#GOALS#

model_create
1. Connect to DataBase
2. Query for data
3. Read into DataFrame
    1. Keep only rows with data that will be used
    2. DateTime
    3. As-Is/Scale/Dummy
    4. Fill NaNs
    5. Shuffle
    6. Collect features that will be used to train the model
4. Train model

app
1. Accept address as input
2. Gather address data from DataFrame in step #3 of model_create
3. Adjust year and month to current date
4. model.predict

In [1]:
# Database connect
import psycopg2

# Numpy arrays
import numpy as np

# DataFrames
import pandas as pd
pd.set_option('display.max_columns', 500)

# Plotting
import matplotlib.pyplot as plt
%matplotlib inline
plt.style.use('ggplot')

# Models
from xgboost import XGBRegressor
from sklearn.linear_model import LinearRegression, Lasso, Ridge
from sklearn.ensemble import RandomForestRegressor, GradientBoostingRegressor
from sklearn.svm import SVR

# Cross validation
from sklearn.cross_validation import train_test_split, cross_val_score
from sklearn.ensemble.partial_dependence import plot_partial_dependence
from sklearn.model_selection import KFold, ShuffleSplit
from sklearn.metrics import mean_squared_error, mean_absolute_error, median_absolute_error, make_scorer
scorer_ = make_scorer(median_absolute_error)

# Preprocessing
from sklearn.preprocessing import StandardScaler
from sklearn.utils import shuffle

# Print Function
from pprint import pprint



model_create goal #1

In [90]:
db_info = {
    'user':'app_connect',
    'database':'real_estate_data',
    'host' : 'localhost',
    'port' : 5432,
    'password' : 'flying_horse536'
}
conn = psycopg2.connect(**db_info)
cur = conn.cursor()

model_create goal #2

In [91]:
def execute_query(q):
    ''' Execute an SQL query string (q) on the current connected database.
    '''
    conn.rollback()
    cur.execute(q)
    conn.commit()
    return cur.fetchall(), cur.description

In [92]:
query = '''
    SELECT *
    FROM sales_info s
    LEFT JOIN property_info p
    ON s.major = p.major AND s.minor = p.minor
    LEFT JOIN unit_breakdown u
    ON s.major = u.major and s.minor = u.minor
    ;
'''

model_create goal #3

In [93]:
# Get query result and description from the execute_query function
query_result, description = execute_query(query)
# description is a dict, with 'name' as one of the keys. Grab all names from the columns
column_names = [d.name for d in description]

In [94]:
# Read data from query result into a Pandas DataFrame.

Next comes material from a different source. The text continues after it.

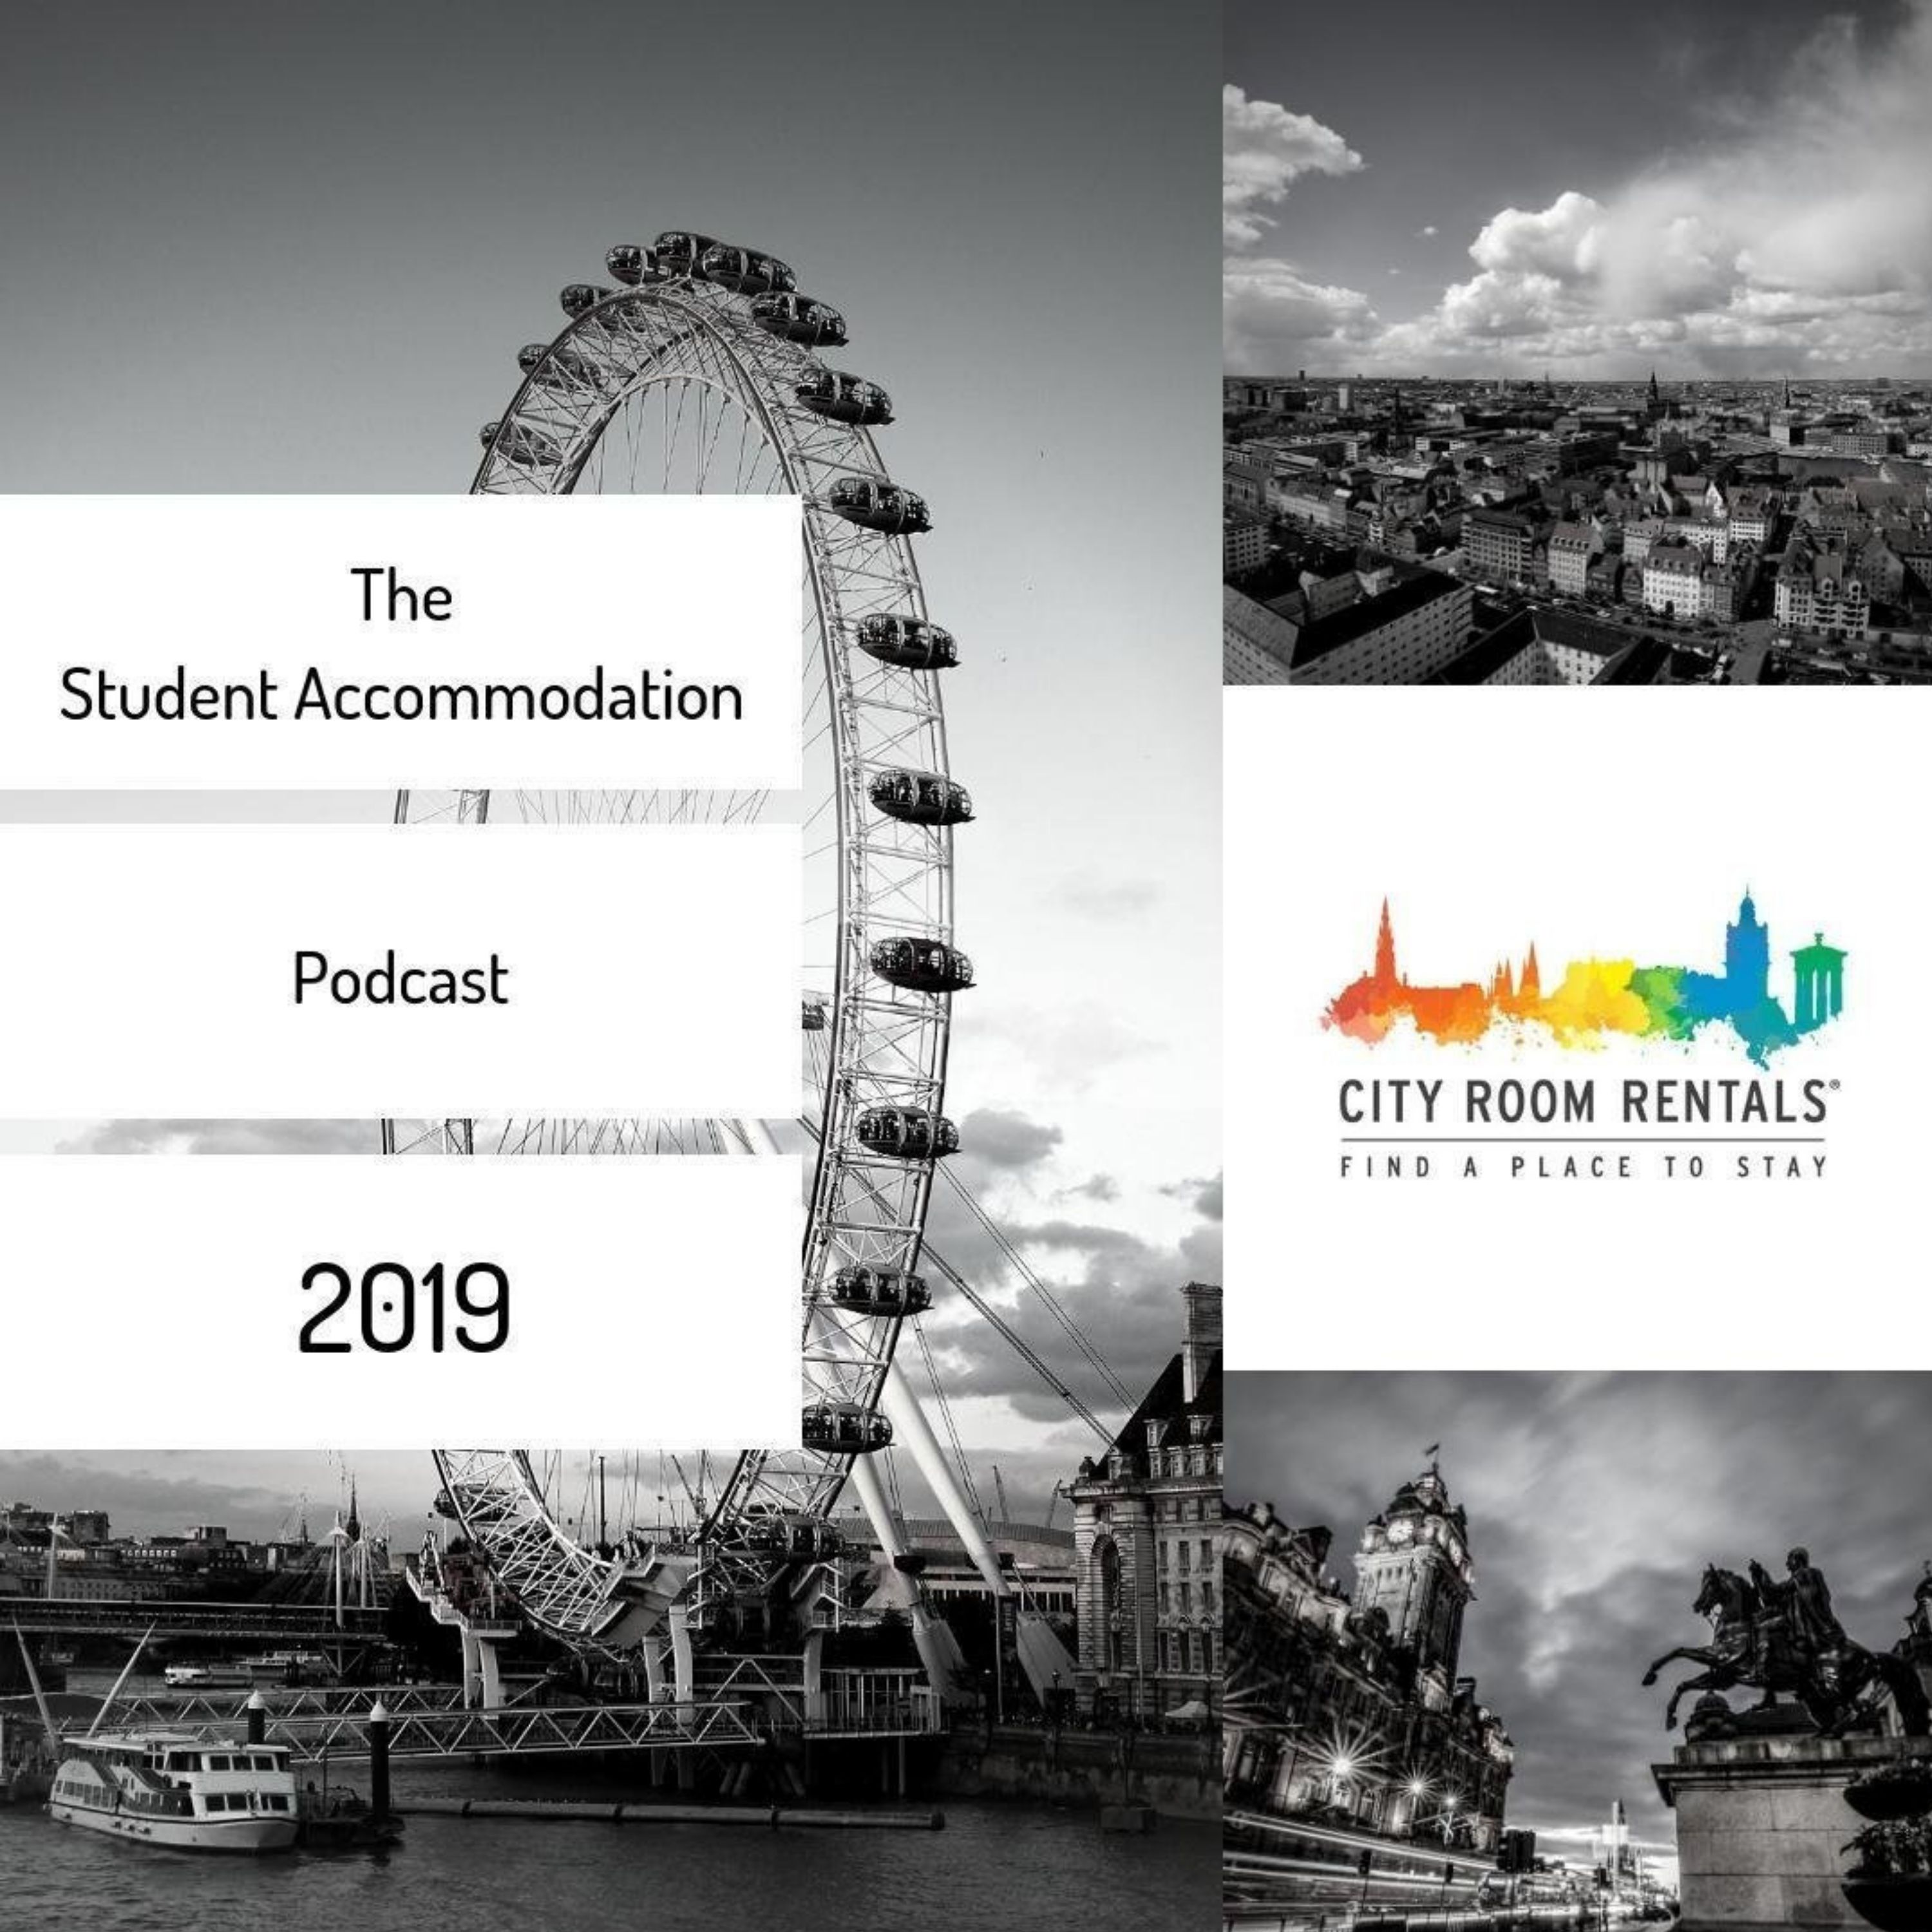 The Student Accommodation Podcast

Column names are gathered from the description
df = pd.DataFrame(query_result, columns=column_names)

model_create goal #3.B

In [95]:
# Change 'DocumentDate' to DateTime
df['document_date'] = pd.to_datetime(df['document_date'])
# Get SaleYear and SaleMonth columns out of the DateTime object
df['sale_year'] = pd.DatetimeIndex(df['document_date']).year
#df['sale_year'] -= df['sale_year'].min()
df['sale_month'] = pd.DatetimeIndex(df['document_date']).month

model_create goal #3.A

In [96]:
def filter_df(keep_values, col_name, df):
    '''Filters out rows from df[col_name] that are NOT in keep_values
    '''
    mask = df[col_name].isin(keep_values)
    return df[mask]

In [97]:
'''
PrincipalUse value of 6 represents Residential buildings
Keep only sales with PrincipalUse value of 6
'''
principal_use_keep_values = [6]
df = filter_df(keep_values=principal_use_keep_values, col_name='principal_use', df=df)

'''
PropertyType value of 1 represents Land Only
PropertyType value of 2 represents Land with New Building
PropertyType value of 3 represents Land with Previously Used Building
Keep only sales with PropertyType value in [1, 2, 3]
'''
property_type_keep_values = [1, 2, 3]
df = filter_df(property_type_keep_values, 'property_type', df)

'''
SaleInstrument value of 3 represents a Statutory Warranty Deed
By using this deed, the seller promises the buyer 
1. The seller is the owner of the property and has the right to sell it
2. No one else is possessing the property
3. There are no encumbrances against the property
4. No one with a better claim to the property will interfere with the transferee’s rights
5. The seller will defend certain claims regarding title to the property
'''
sale_instrument_keep_values = [3]
df = filter_df(sale_instrument_keep_values, 'sale_instrument', df)

'''
Remove years before 1995
'''
df = df[df['sale_year'] > 1994]

# Testing specific years
#df = df[df['sale_year'] > 2011]

In [80]:
df.sale_year.value_counts().reset_index().sort_values(by='index')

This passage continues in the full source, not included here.